粘稠溼滑猶如大蟒的風在耳邊勁吹。
呼嘯的風撞擊在嶙峋的岩石上,發出的聲音猶如無數野獸狂嘯,讓人心頭隱隱發冷。
上方的穹頂,距離頭頂高不過百米,矮的時候只有十幾米。
這裡根本沒有道路可言,只有無數嶙峋的石塊。
巫鐵跟着總掌令在亂石中穿梭,幾個霧刀殺手在四周若隱若現,時刻警惕的觀察着遠近動靜。
雙手握着白虎裂,將他橫扛在肩膀上,沉重的白虎裂讓巫鐵步伐沉重,一步一步猶如鐵釘子一樣深深紮在地上。
走出了老遠一段距離,巫鐵回頭看了一眼來時方向,輕輕的呼出了一口氣。
出發前,巫鐵懇請總掌令派出心腹,向大石城預警——長生教來了可怕的高手,讓那些巨人都只能藉助秘寶拼命脫身的高手。
也不知道大石城內如今的情勢如何,巫鐵只希望,自己的預警能夠幫助石猛逃過一劫。
想到朱紫溪可怕的實力……
巫鐵不由得一陣毛骨悚然。
那種毫無抗力的強大,簡直就是一種恐怖。
“希望,你們能想出對策。
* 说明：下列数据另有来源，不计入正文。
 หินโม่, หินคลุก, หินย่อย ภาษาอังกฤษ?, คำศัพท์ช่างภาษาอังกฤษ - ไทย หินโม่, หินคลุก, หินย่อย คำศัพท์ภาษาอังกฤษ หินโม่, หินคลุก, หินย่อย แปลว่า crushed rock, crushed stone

”巫鐵嘆了一口氣,加快了腳步。
腳下溼滑,岩石上水噠噠的,更生滿了黏滑的苔蘚。
有些地方,一條條粗細不等的小溪在亂石間穿梭,溪水中有透明的小魚、螃蟹,以及一些其他的甲殼類、節肢類小生物。
肉眼見不到,耳邊有時能聽到遠處傳來的‘嘶嘶’聲,不知道是毒蛇還是蜥蜴在吐信子。
突破感玄境,巫鐵凝聚法力,天賦神通‘掌控乾坤’又增強了許多。如今他的無形力場外放,已經可以輕鬆籠罩半徑五百米的空間。
這一片高低不平、崎嶇蜿蜒的亂石地看似貧瘠,實則生機勃勃。在肉眼看不到的地方,各種兇殘、狠毒的小生物瘋狂的相互搏殺,爲自己競爭生存的空間和資源。
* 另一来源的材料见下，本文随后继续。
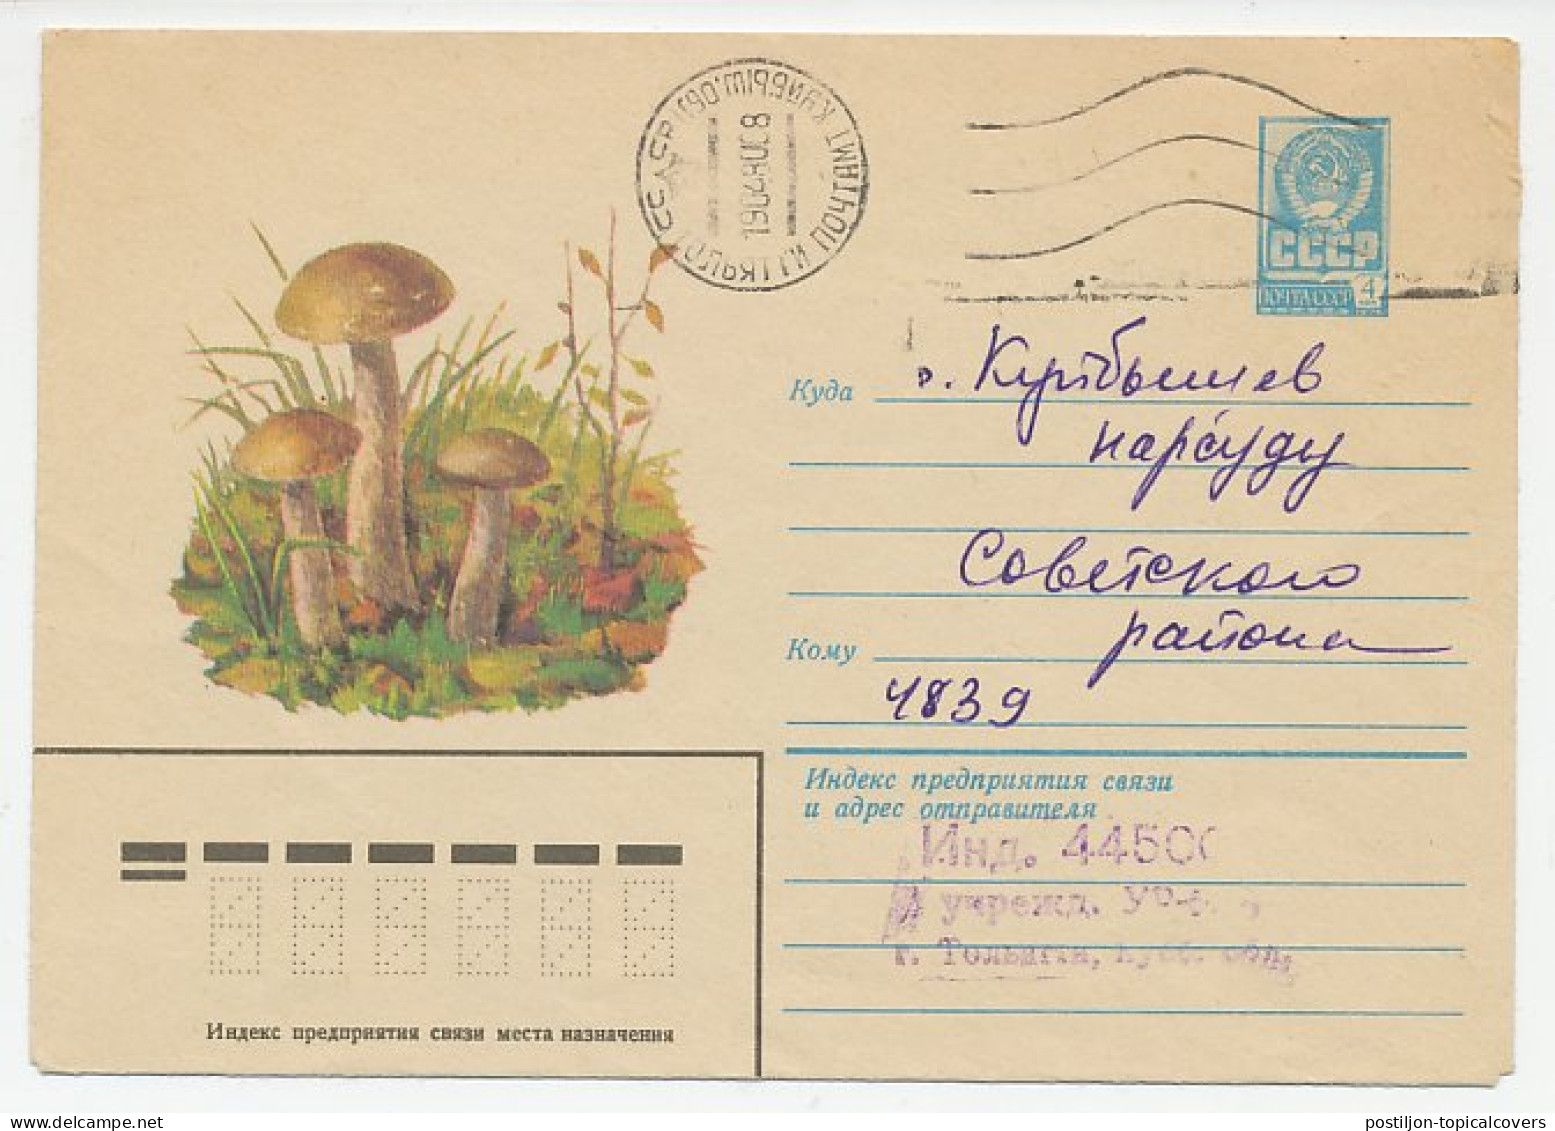 Postal Stationery Soviet Union 1980 Mushroom - Mushrooms

這裡的所有小生物,哪怕是水裡的一隻拇指大小的淺藍色小水母,都蘊藏了可怕的劇毒。
這些小東西,比蒼炎域其他地域的小生靈兇殘太多。
似乎有一種無形的力量,影響了這些小生命的進化。
‘進化’這個詞沒用錯……
巫鐵搜索了一下老鐵傳授給他的淺層知識,確定自己沒用錯詞。他小心的跨過一條一米多寬的溪水,一隻通體密佈着淺藍色圓環的小章魚從水裡跳了起來,向他吐出了一支水箭。
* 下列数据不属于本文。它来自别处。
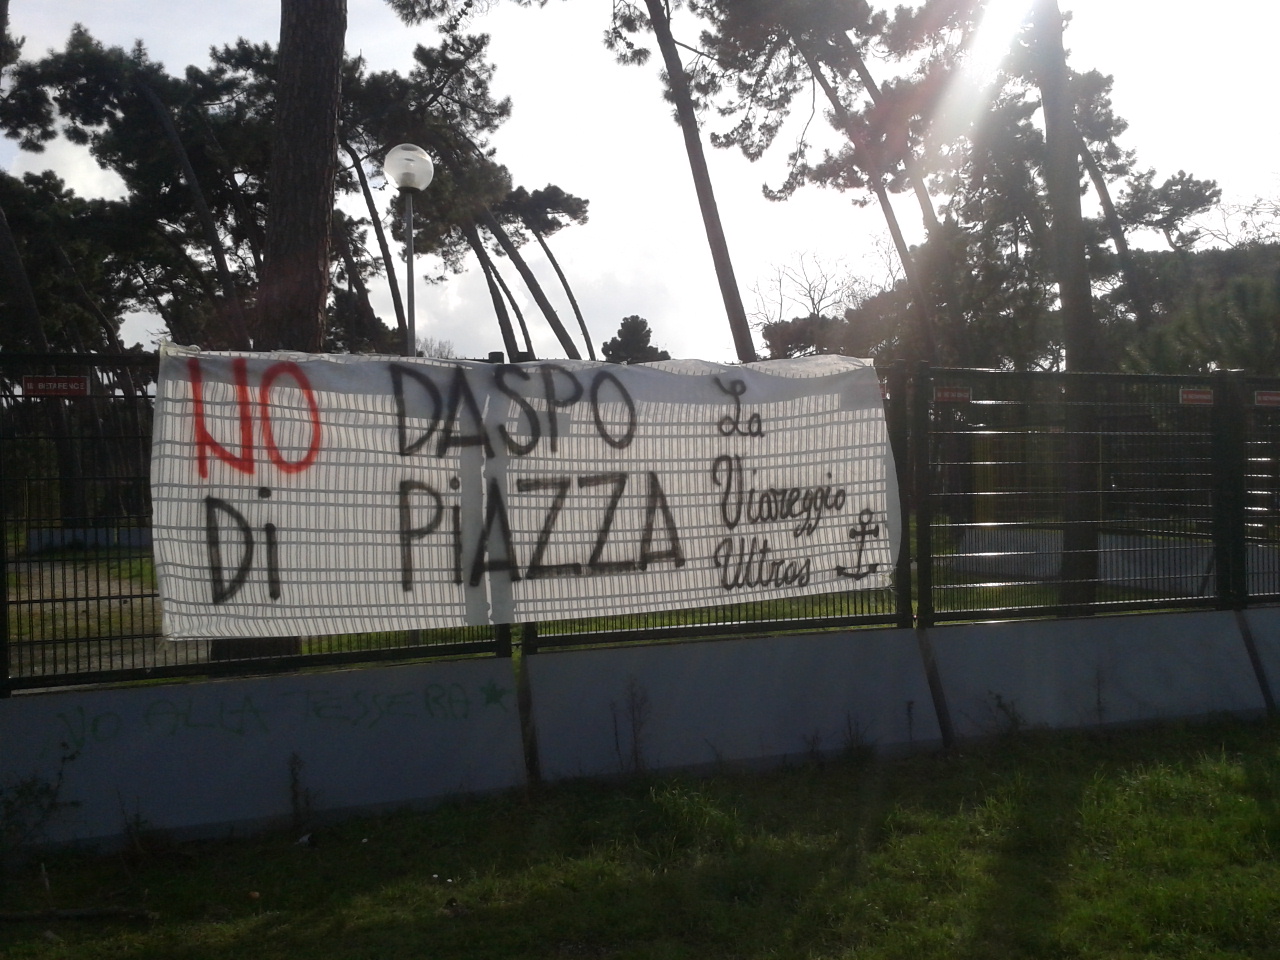 Gli ultras del Viareggio: “No al Daspo di piazza”

輕鬆避開了這隻藍環魔章的襲擊,細小的水箭吐在了一旁的巨石上,‘嗤嗤’聲中,泥土迅速化爲黑色毒水,堅硬的岩石被腐蝕掉了半寸厚的一大片。
巫鐵手一指,一道疾風轟出,將這隻拳頭大小的藍環魔章打飛。
身軀柔韌的藍環魔章彈飛了數十米遠,撞在一塊大石上,然後若無其事的蹦跳着,幾下就跳回了溪水中。
似乎明白了巫鐵不好惹,這通體散發出迷離藍光的危險生物快速的向溪水下游逃竄。
“這裡很古怪……似乎距離我霧刀祖地越近,這些小東西就越危險。”總掌令一邊向前疾行,一邊低聲說道:“你相信麼?我從那些叛徒手中逃走後,第一次來這裡,就差點死了。”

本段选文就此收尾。